◆ WHAT IS BEING ASKED
Reproduce the data below in full and exclude every picture.

◆ DATASET CONTENT
____________

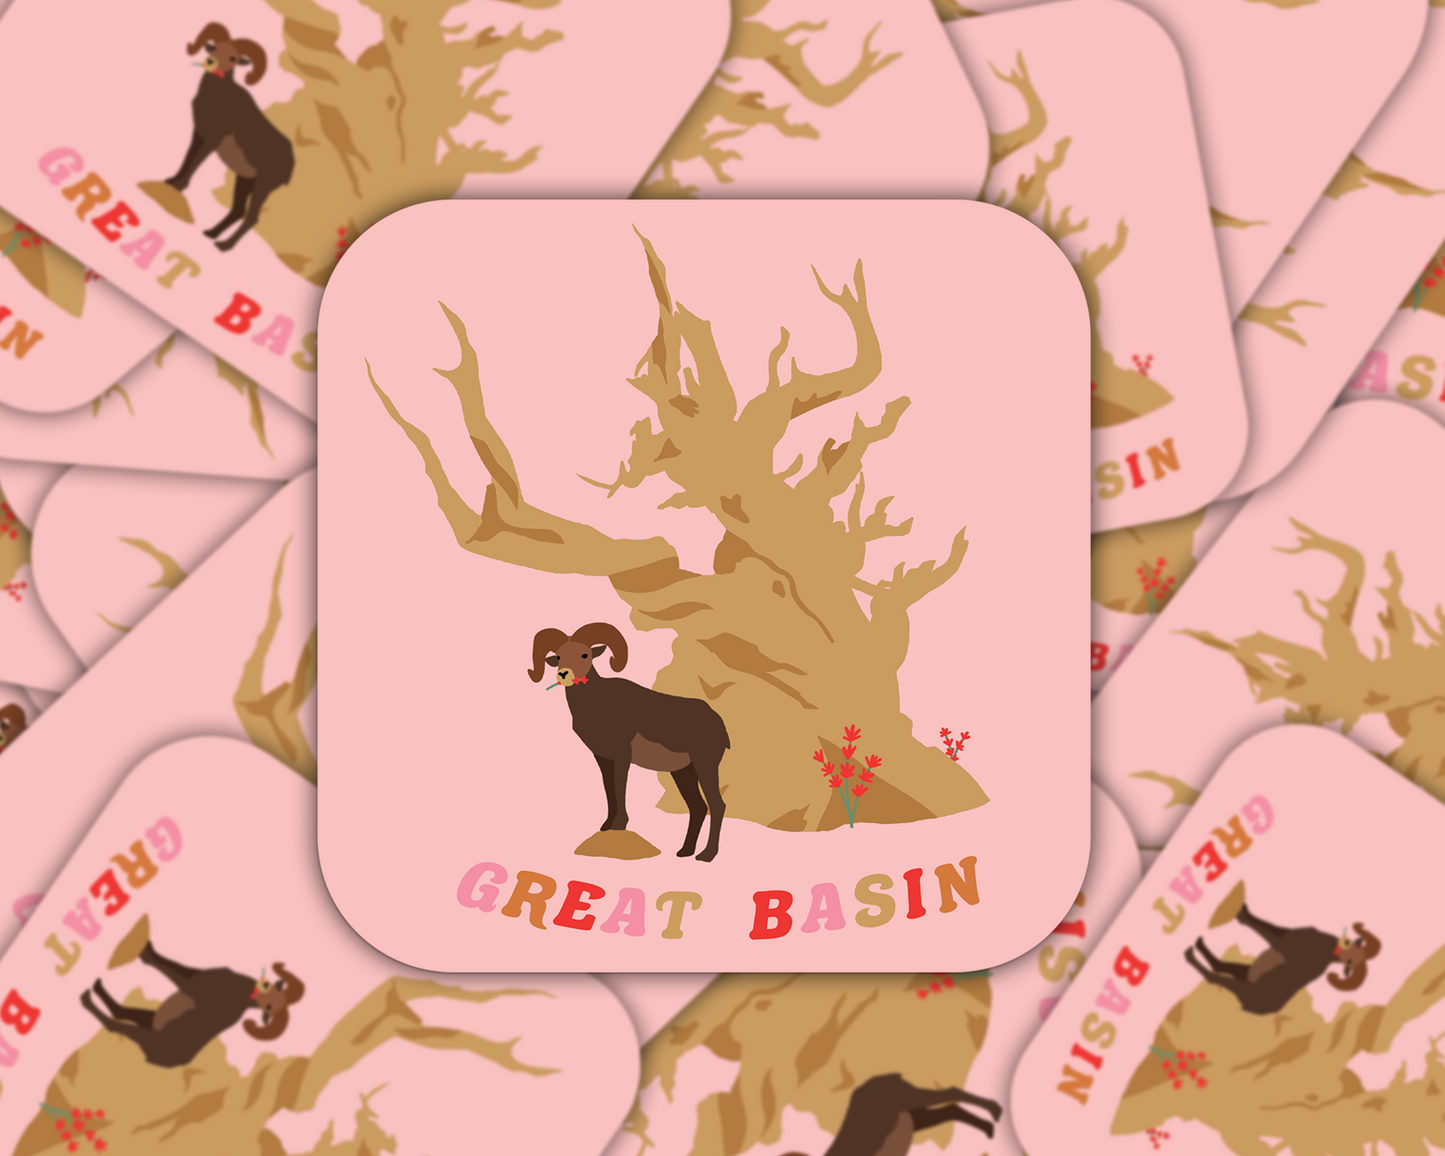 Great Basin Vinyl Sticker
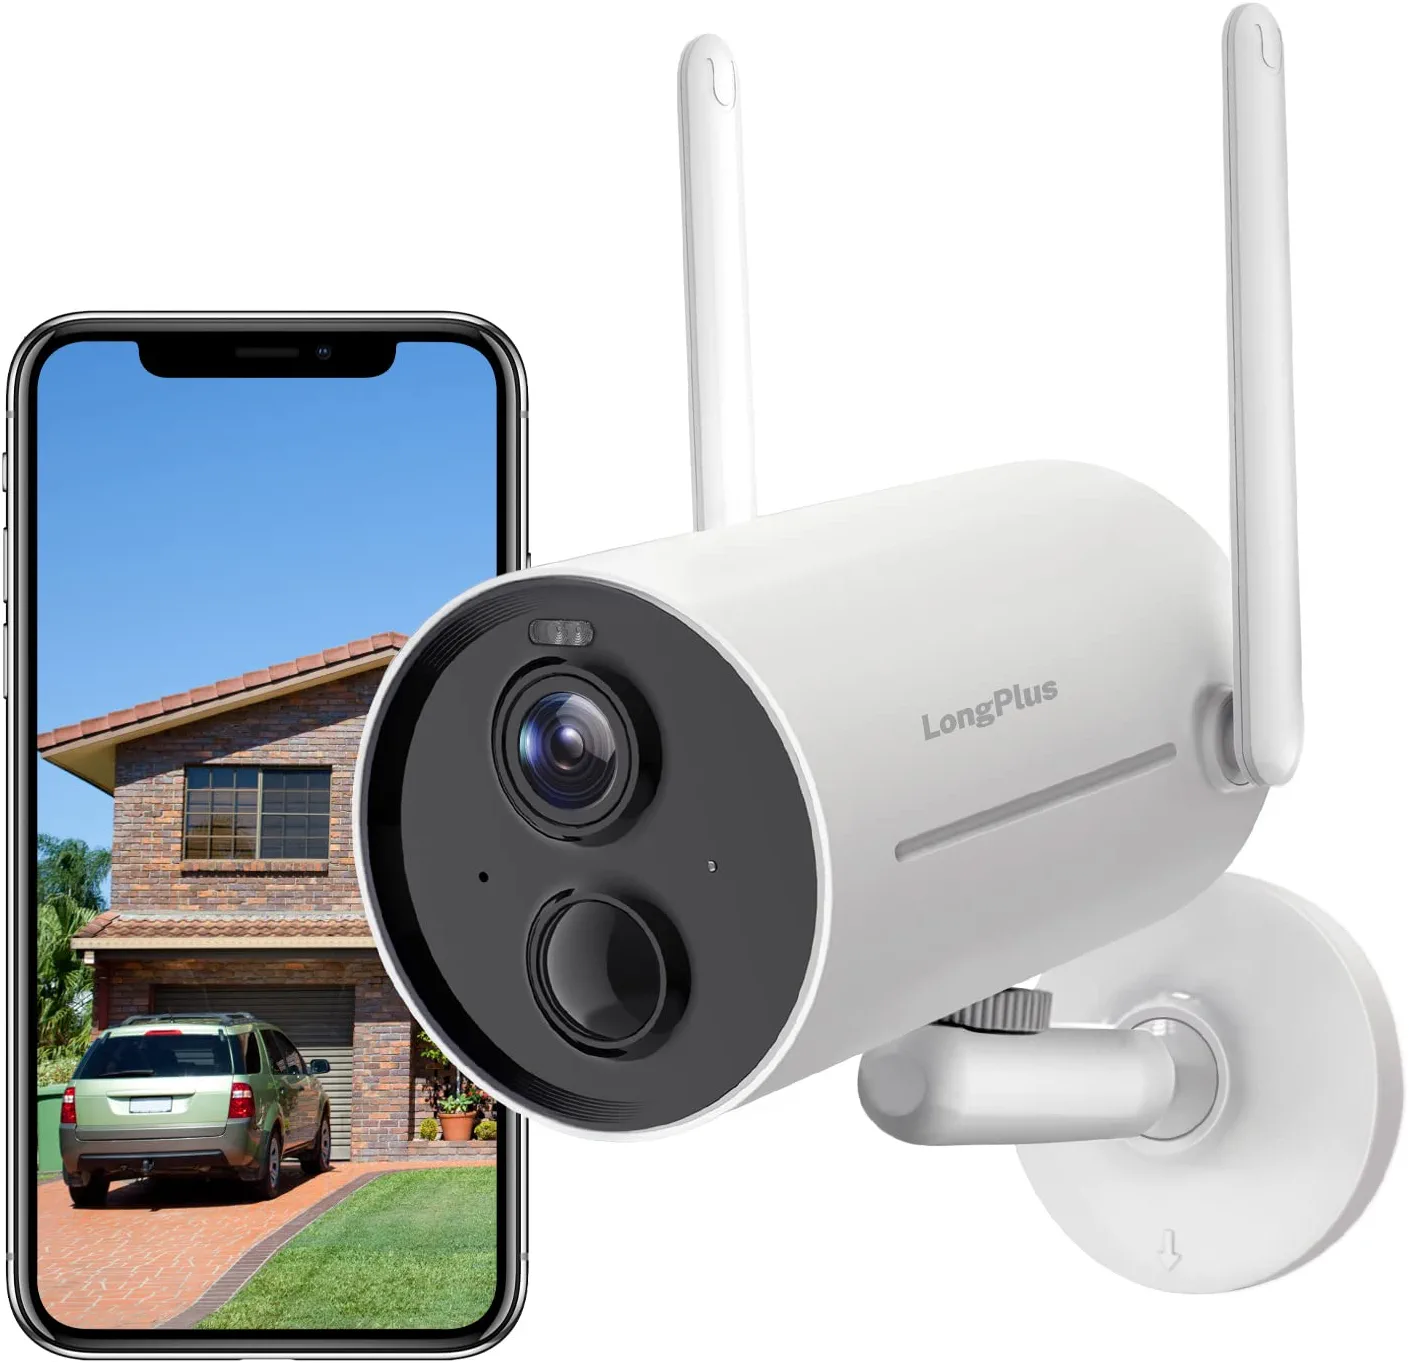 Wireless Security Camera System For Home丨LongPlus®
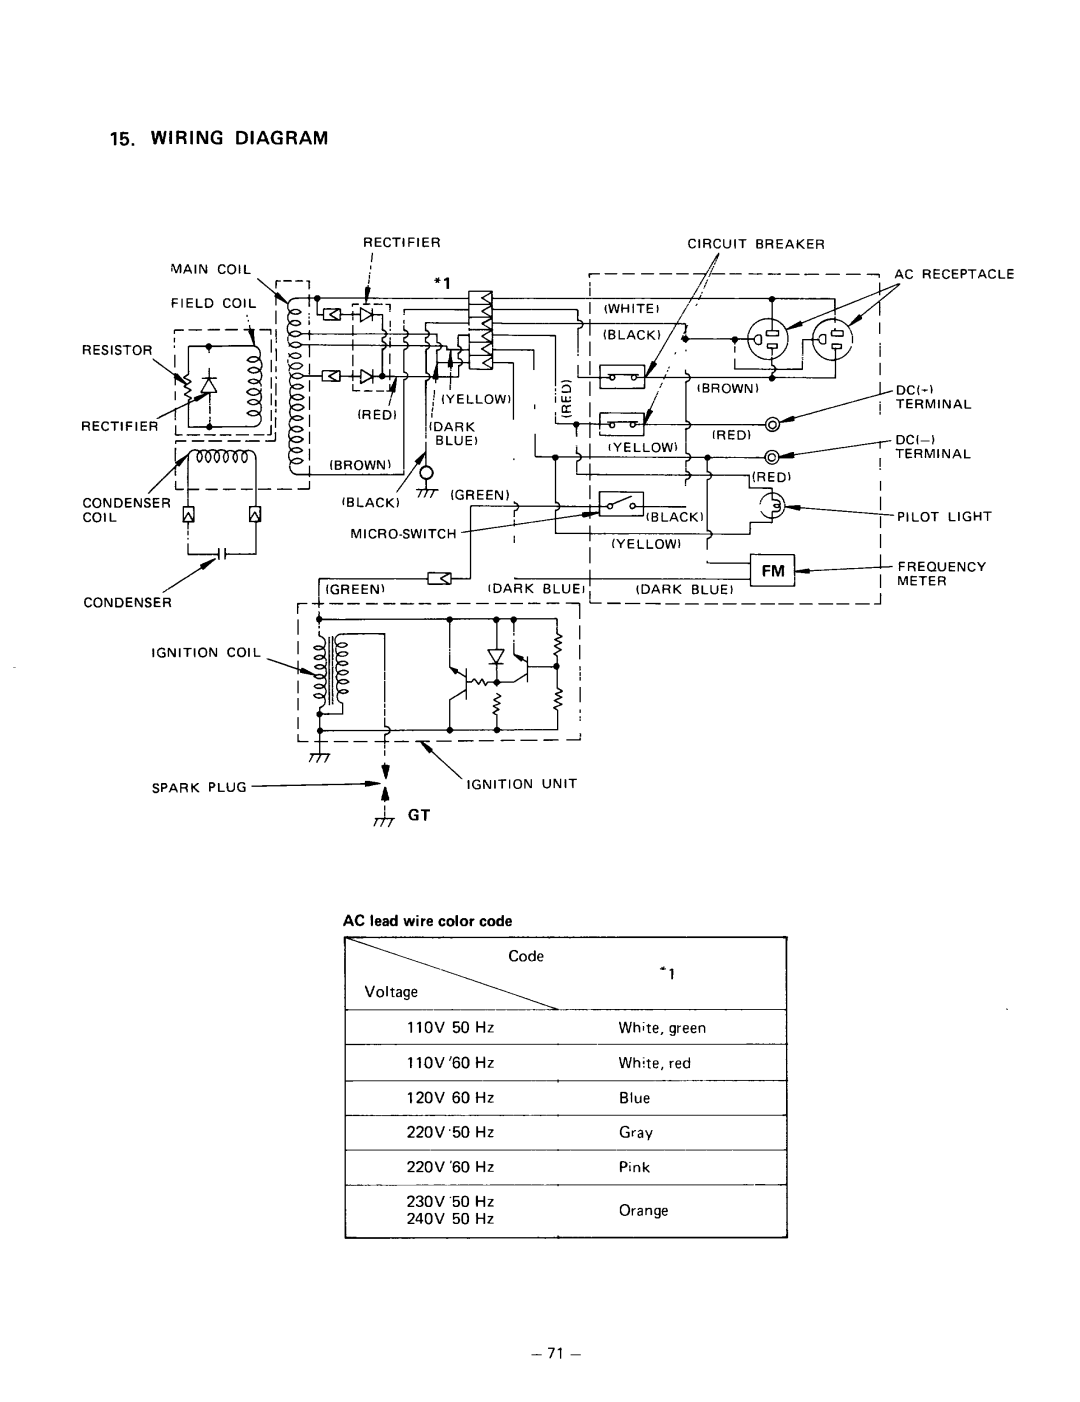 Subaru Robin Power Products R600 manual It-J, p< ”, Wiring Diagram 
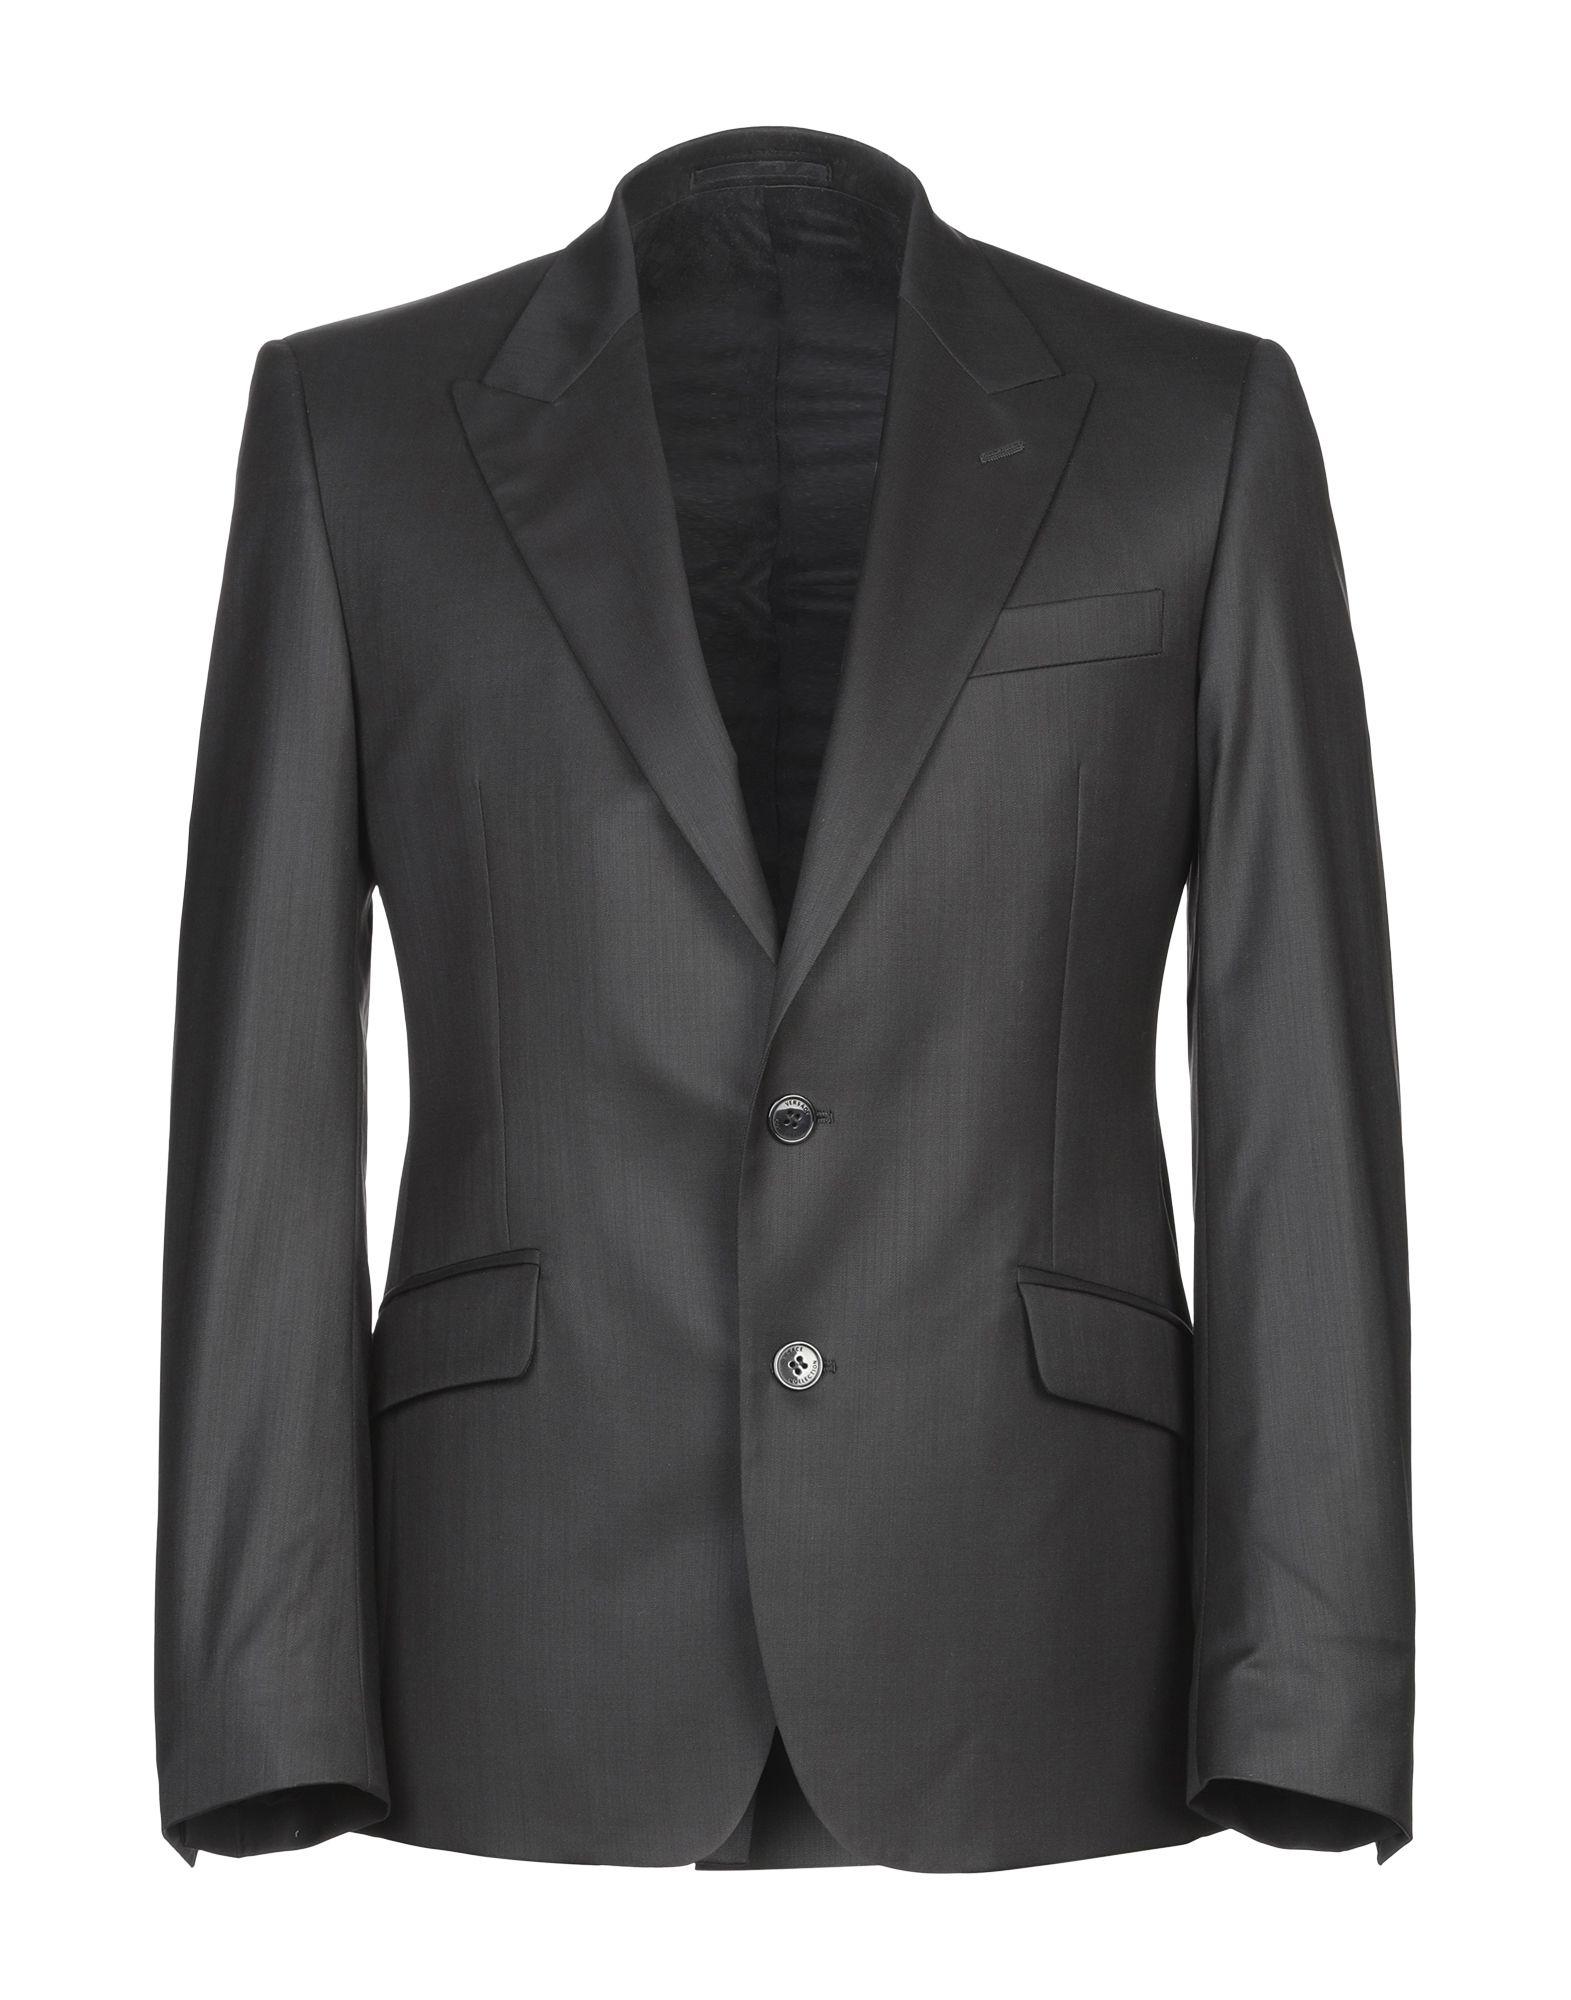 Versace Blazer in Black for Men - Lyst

____________

◆ RESPONSE
 Great Basin Vinyl Sticker
 Wireless Security Camera System For Home丨LongPlus®
 Subaru Robin Power Products R600 manual It-J, p< ”, Wiring Diagram 
 Versace Blazer in Black for Men - Lyst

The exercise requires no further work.